Raw data:

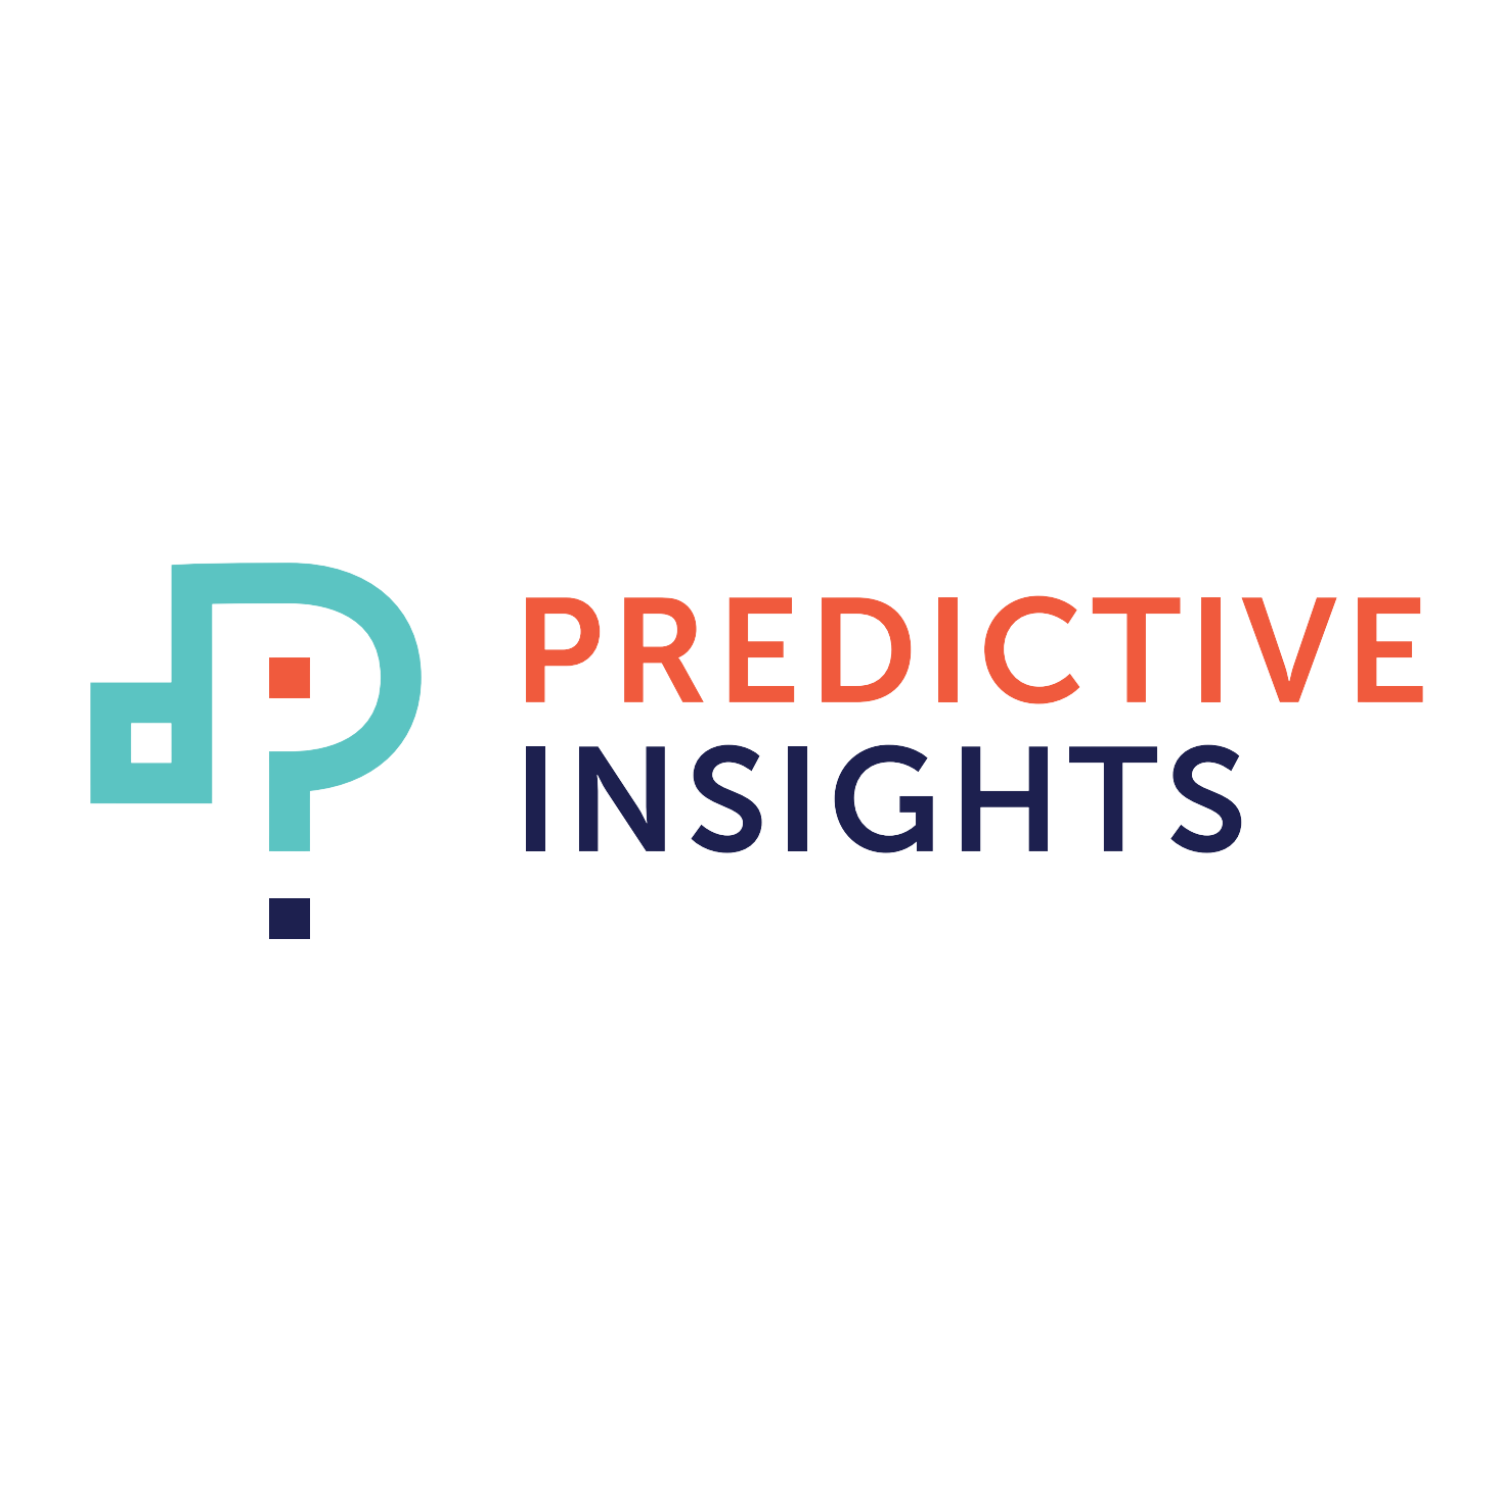 Predictive Insights
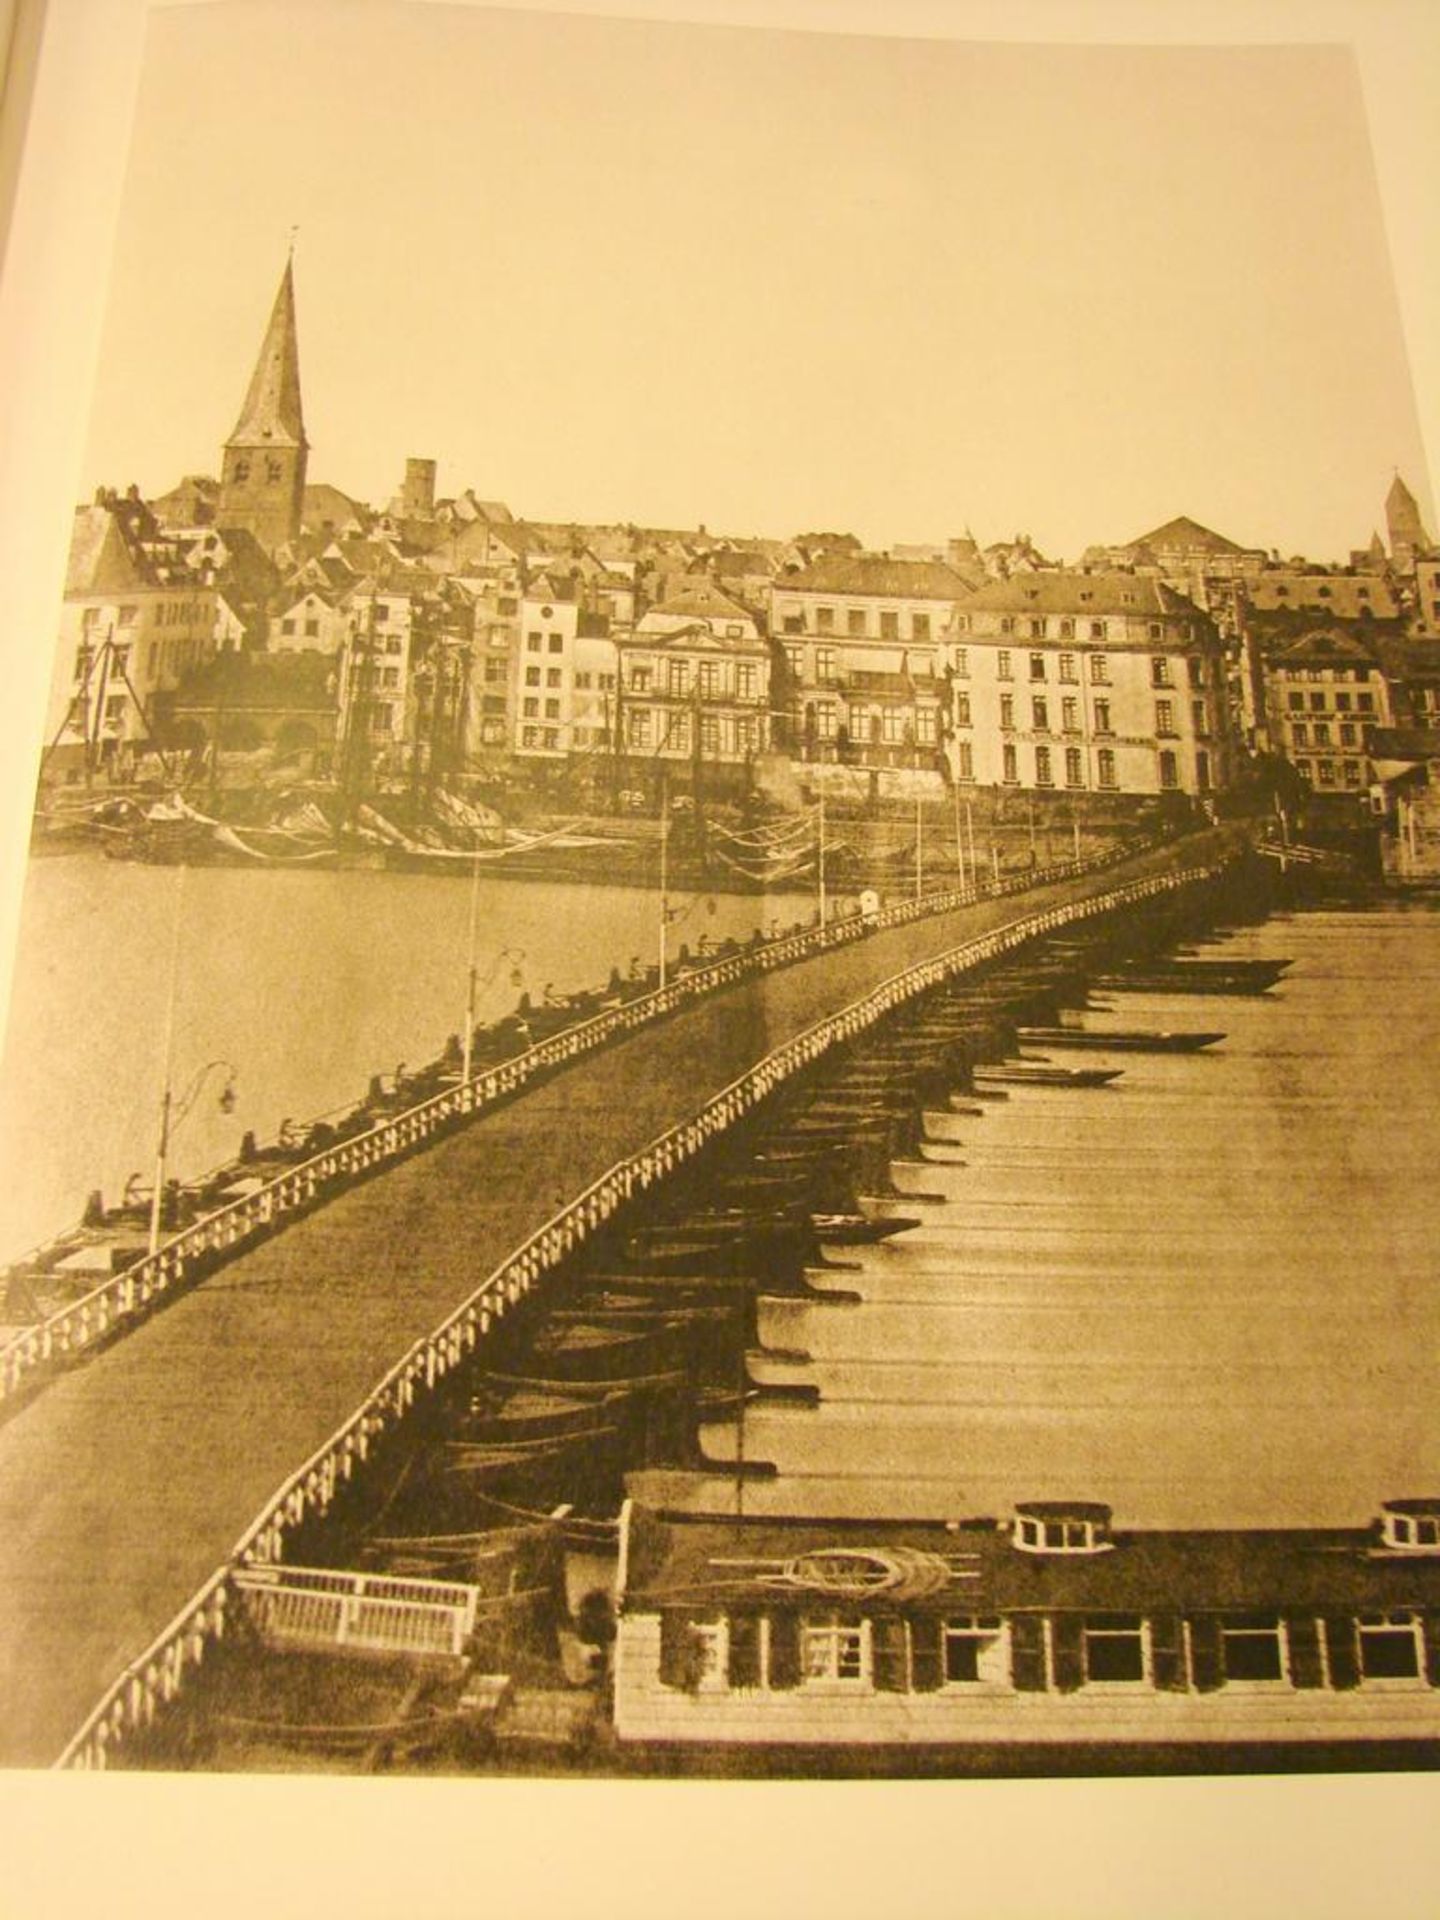 Buch, "Köln, 1850-1920", M. Leo Schwering, Photogalerie, Bucher, 1980 - Image 3 of 3
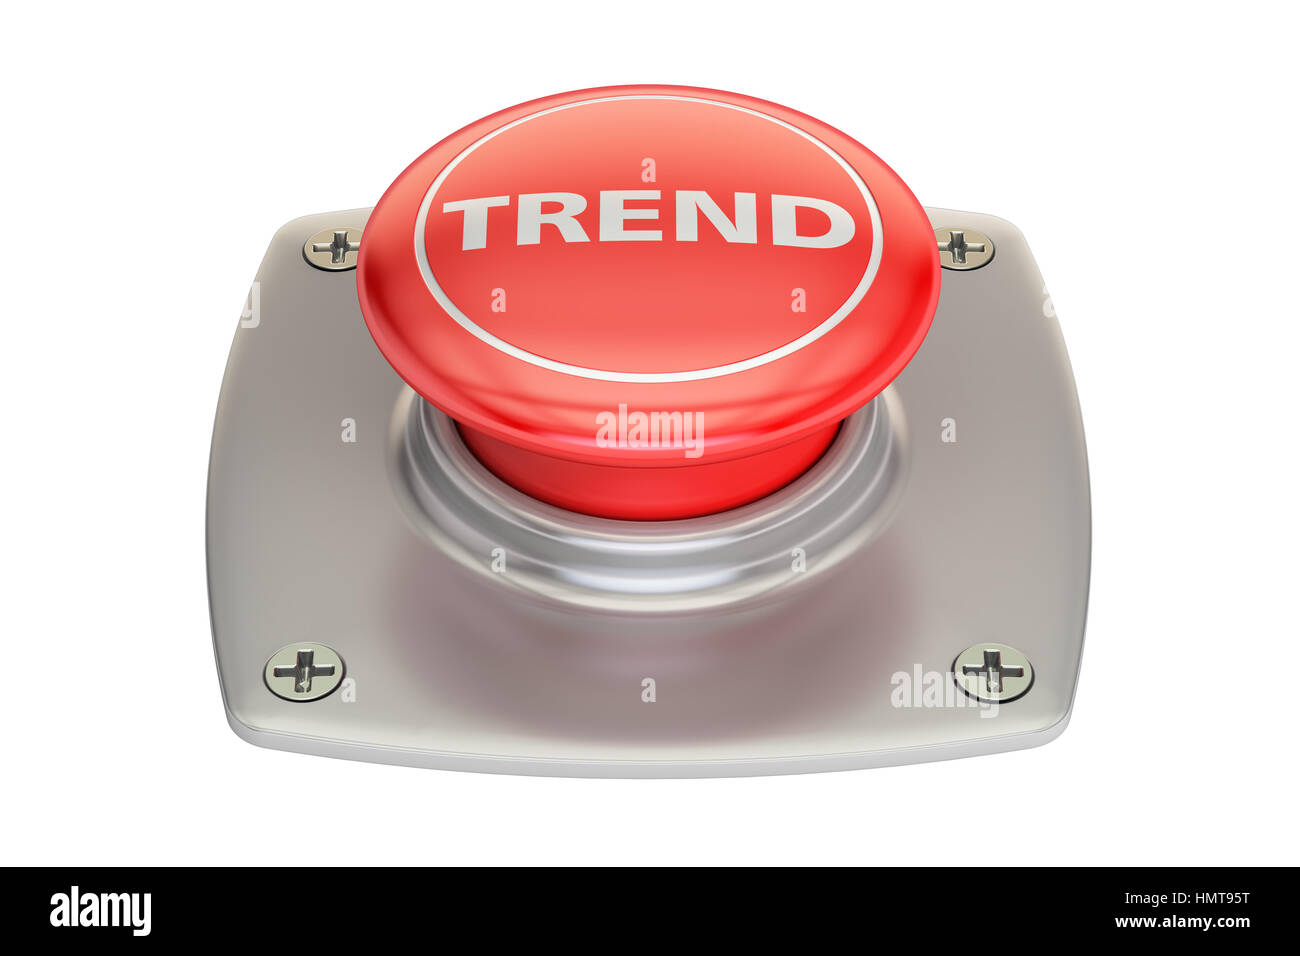 Trend, die rote Taste, 3D-Rendering isolierten auf weißen Hintergrund Stockfoto

Activity: Could you reproduce all of the data above exactly and skip any image?

Response:
 Predictive Insights
 Buch, "Köln, 1850-1920", M. Leo Schwering, Photogalerie, Bucher, 1980 - Image 3 of 3
 Trend, die rote Taste, 3D-Rendering isolierten auf weißen Hintergrund Stockfoto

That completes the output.